Problem to work on
Although the material holds pictures, none belong in the copy; transcribe exactly, and only, the lines from the one with "Silver Lizard Bracelet" through the end.

Given data
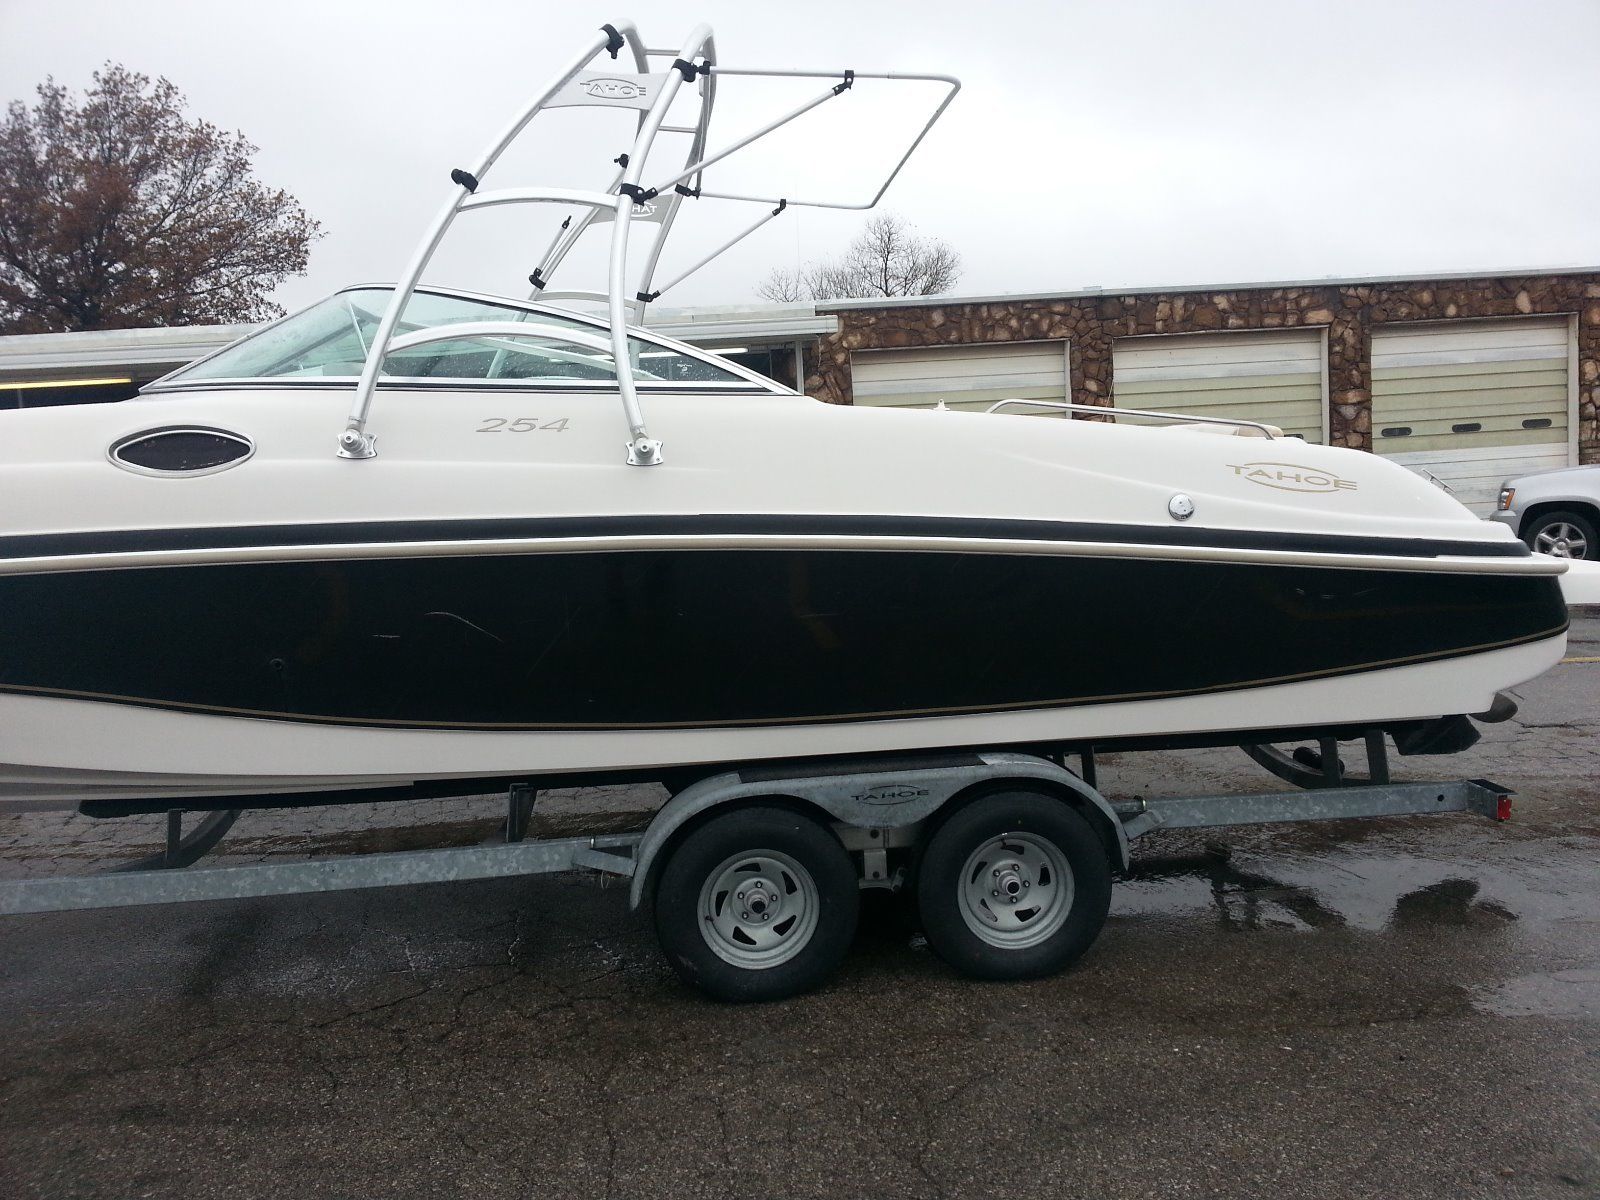 tahoe 254 deck 2004 for sale for $12,500 - boats-from-usa.com
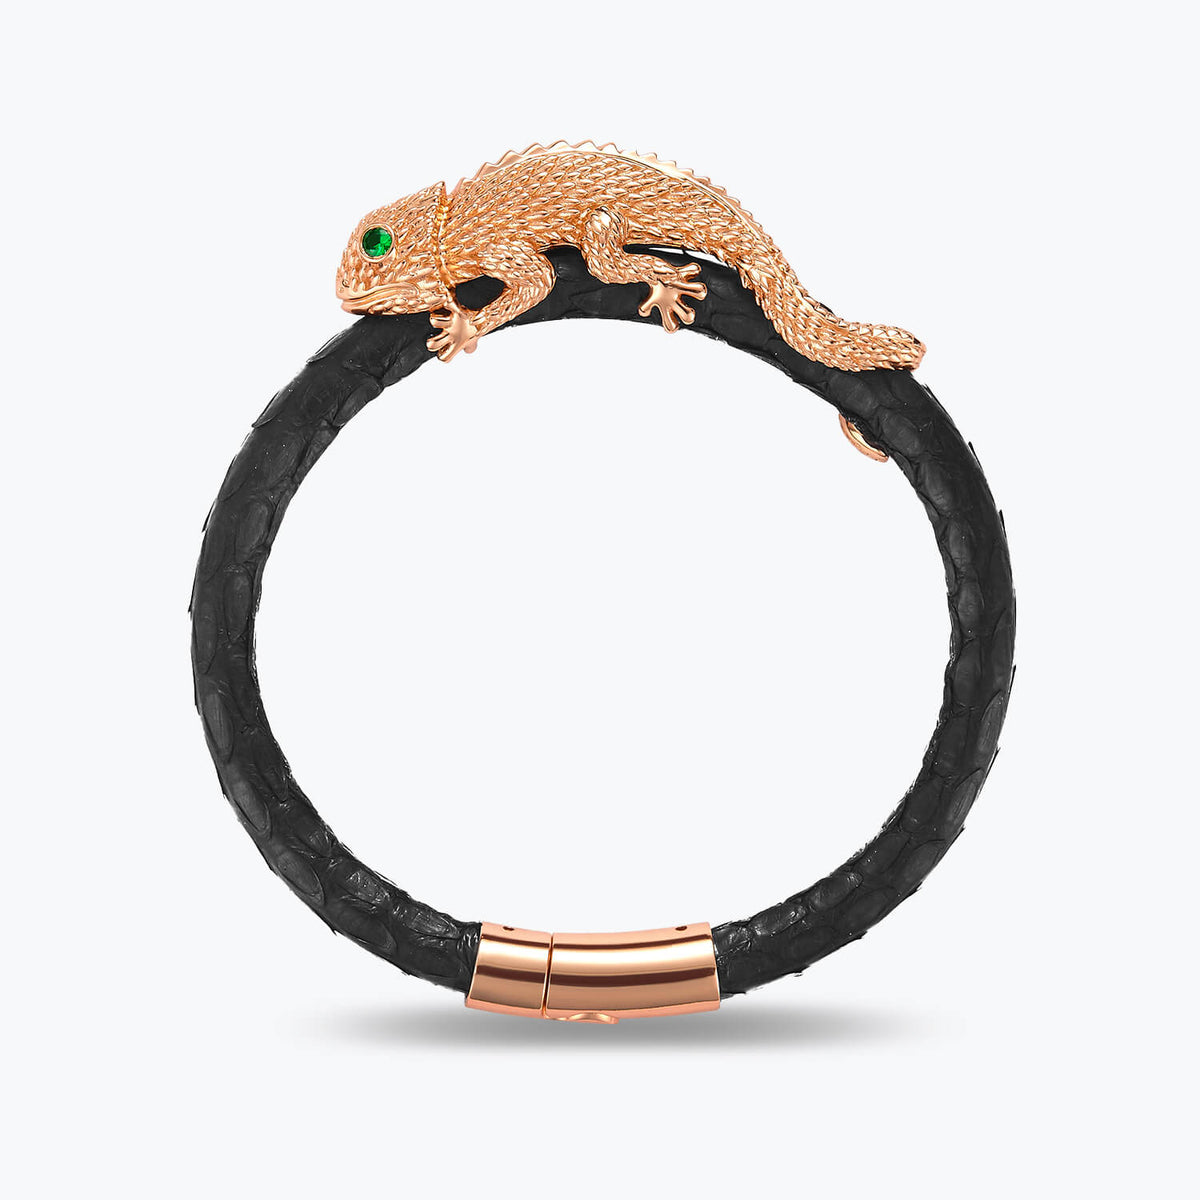 Dissoo®  Genuine Leather With Sterling Silver Lizard Bracelet
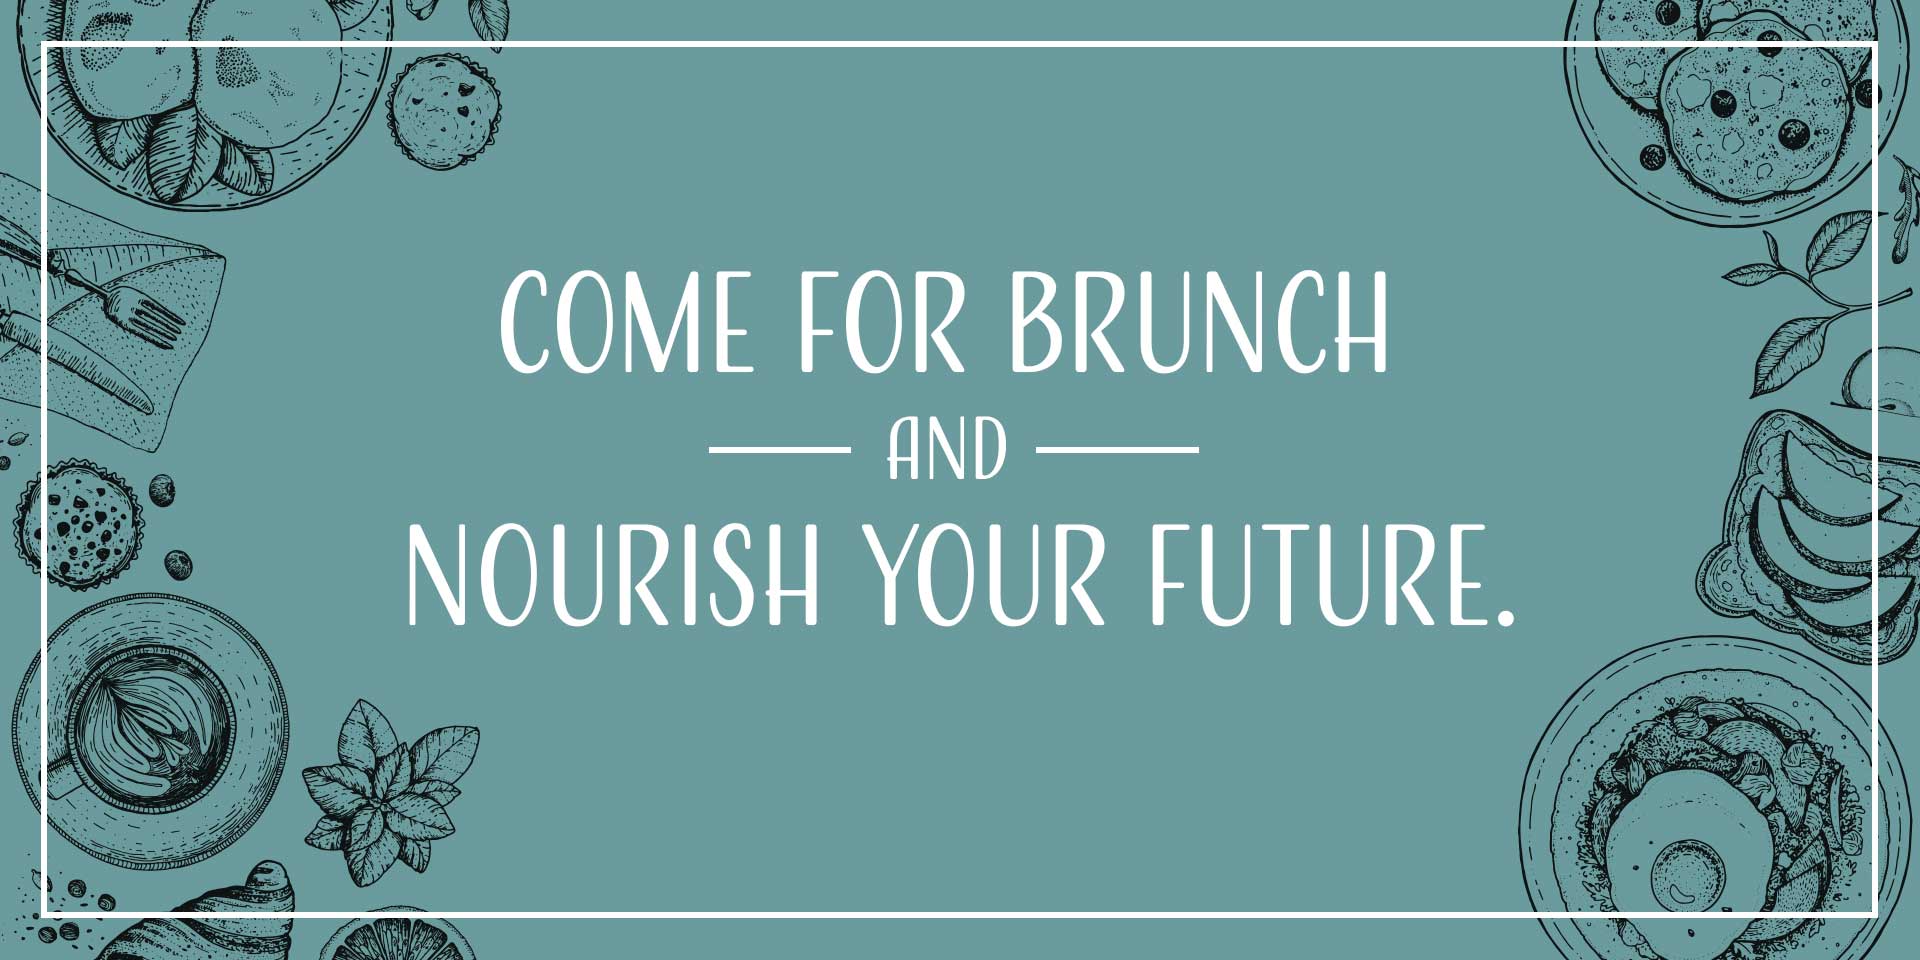 Come for brunch and nourish your future.

Solved exercise
 Dissoo®  Genuine Leather With Sterling Silver Lizard Bracelet
 Come for brunch and nourish your future.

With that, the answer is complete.